Learning Appearance Models  The next clearly emerging trend goes in the direction of learning appearance models for data association in end-to-end fashion directly on the target (i.e., MOT15, MOT16, MOT17) datasets. SiameseCNN (Leal-Taixe et al. 2016) trains a siamese convolutional neural network to learn spatio-temporal embeddings based on object appearance and estimated optical flow using contrastive loss (Hadsell et al. 2006). The learned embeddings are then combined with contextual cues for robust data association. This method uses similar linear programming based optimization framework (Zhang et al. 2008) compared to LP_SSVM (Wang and Fowlkes 2016), however, it surpasses it significantly performance-wise, reaching 29% MOTA on MOT15. This demonstrates the efficacy of fine-tuning appearance models directly on the target dataset and utilizing convolutional neural networks. This approach is taken a step further with QuadMOT (Son et al. 2017), which similarly learns spatio-temporal embeddings of object detections. However, they train their siamese network using quadruplet loss (Chen et al. 2017b) and learn to place embedding vectors of temporally-adjacent detections instances closer in the embedding space. These methods reach 33.42% MOTA in MOT15 and 41.1% on MOT16.

The learning process, in this case, is supervised. Different from that, HCC (Ma et al. 2018b) learns appearance models in an unsupervised manner. To this end, they train their method using object trajectories obtained from the test set using offline correlation clustering-based tracking framework (Levinkov et al. 2017). TO (Manen et al. 2016), on the other hand, proposes to mine detection pairs over consecutive frames using single object trackers to learn affinity measures which are plugged into a network flow optimization tracking framework. Such methods have the potential to keep improving affinity models on datasets for which ground-truth labels are not available.

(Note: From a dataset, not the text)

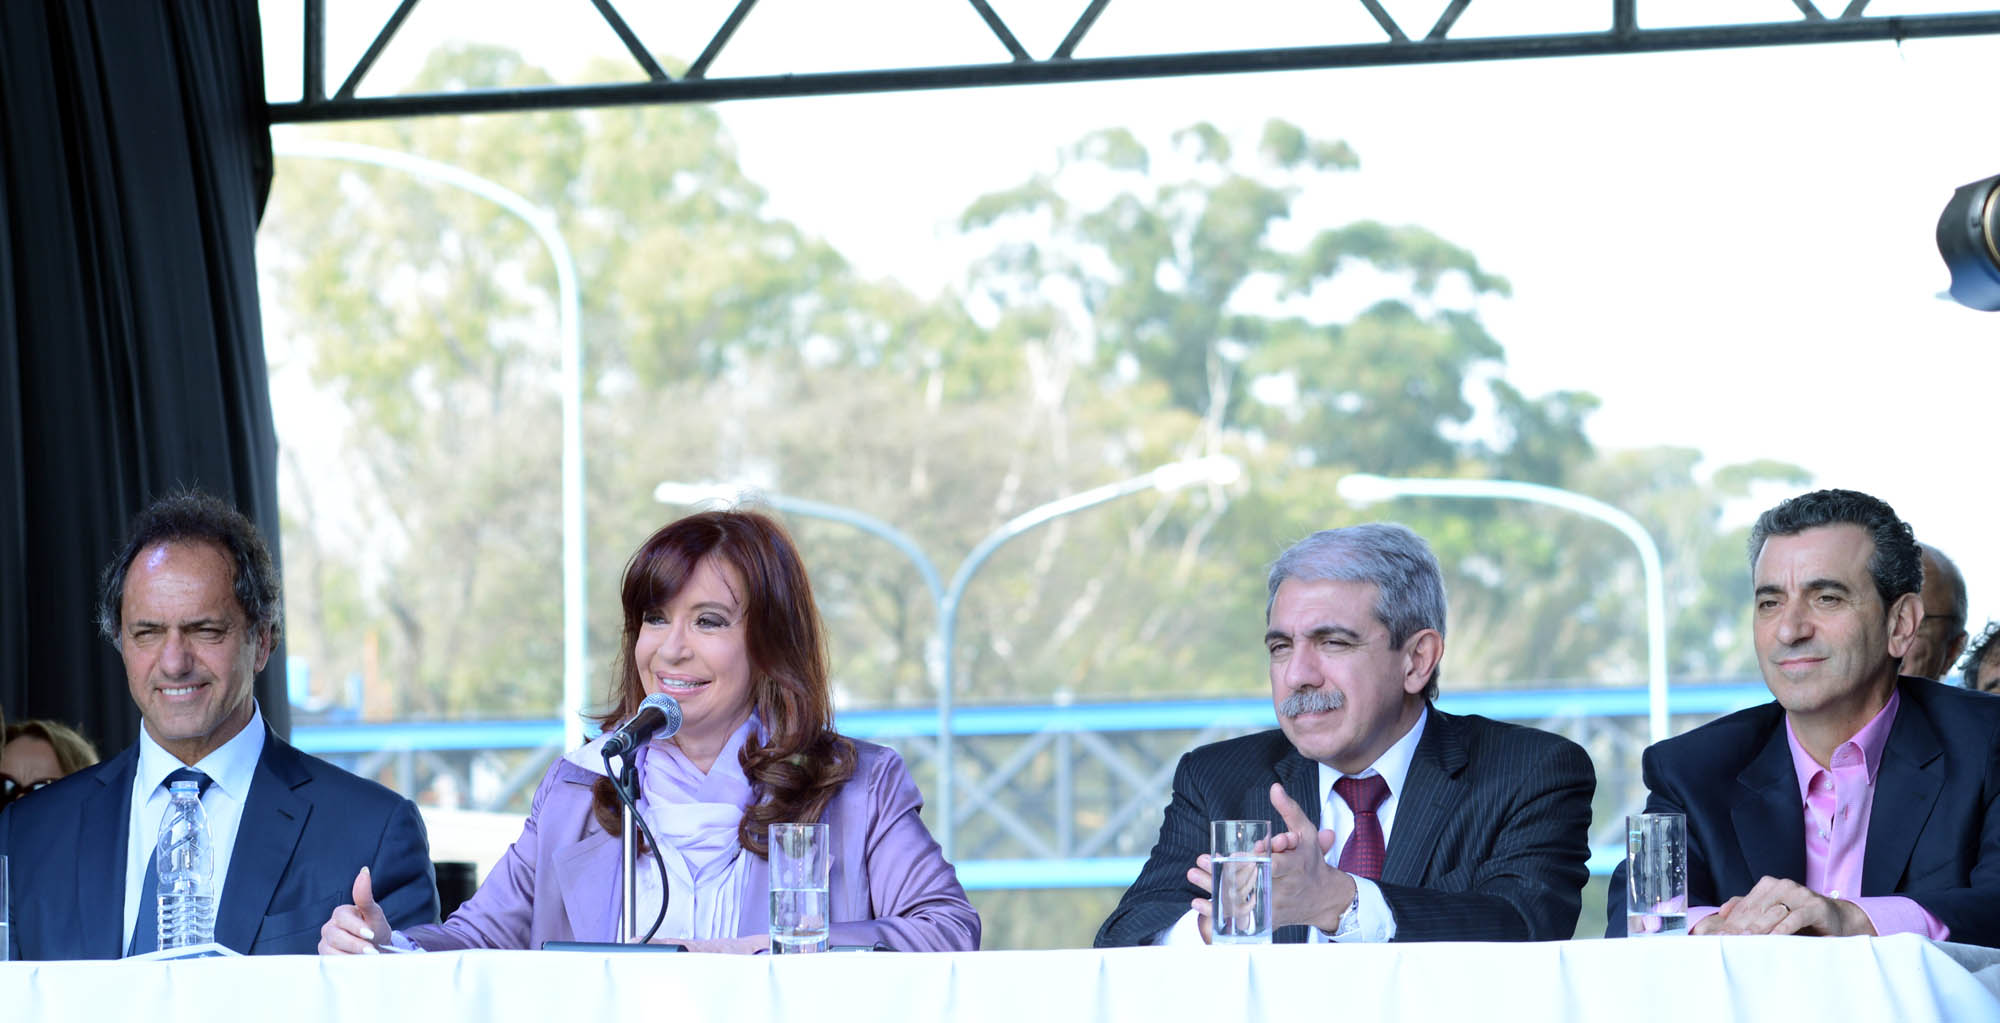 La Presidenta junto a Daniel Scioli, Aníbal Fernández, y Florencio Randazzo
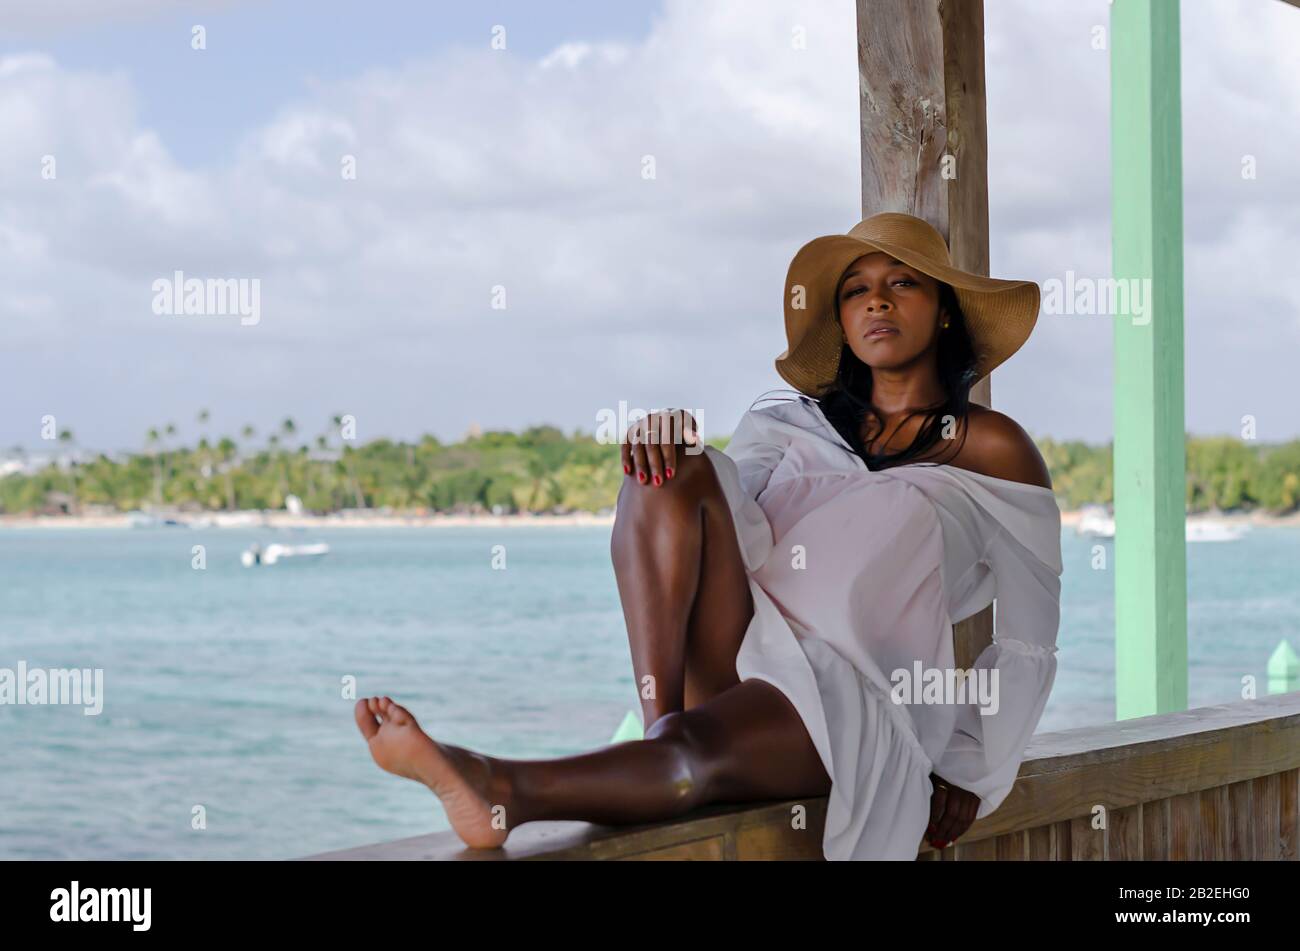 Femme noire de 25 à 30 ans, assise au port, vêtue de modèles blancs, de vêtements frais d'été et tropicaux, avec paysage de plage et ciel ensoleillé Banque D'Images

Online Appearance Model Adaptation  The aforementioned methods only learn general appearance embedding vectors for object detection and do not adapt the tracking target appearance models online. Further performance is gained by methods that perform such adaptation online (Chu et al. 2017; Kim et al. 2015, 2018; Zhu et al. 2018). MHT_bLSTM (Kim et al. 2018) replaces the multi-output regularized least-squares learning framework of MHT_DAM (Kim et al. 2015) with a bi-linear LSTM and adapts both the appearance model as well as the convolutional filters in an online fashion. STAM (Chu et al. 2017) and DMAN (Zhu et al. 2018) employ an ensemble of single-object trackers (SOTs) that share a convolutional backbone and learn to adapt the appearance model of the targets online during inference. They employ a spatio-temporal attention model that explicitly aims to prevent drifts in appearance models due to occlusions and interactions among the targets. Similarly, KCF (Chu et al. 2019) employs an ensemble of SOTs and updates the appearance model during tracking. To prevent drifts, they learn a tracking update policy using reinforcement learning. These methods achieve up to 38.9% MOTA on MOT15, 48.8% on MOT16 (KCF), and 50.71% on MOT17 (MHT_DAM). Surprisingly, MHT_DAM out-performs its bilinear-LSTM variant (MHT_bLSTM achieves a MOTA of 47.52%) on MOT17.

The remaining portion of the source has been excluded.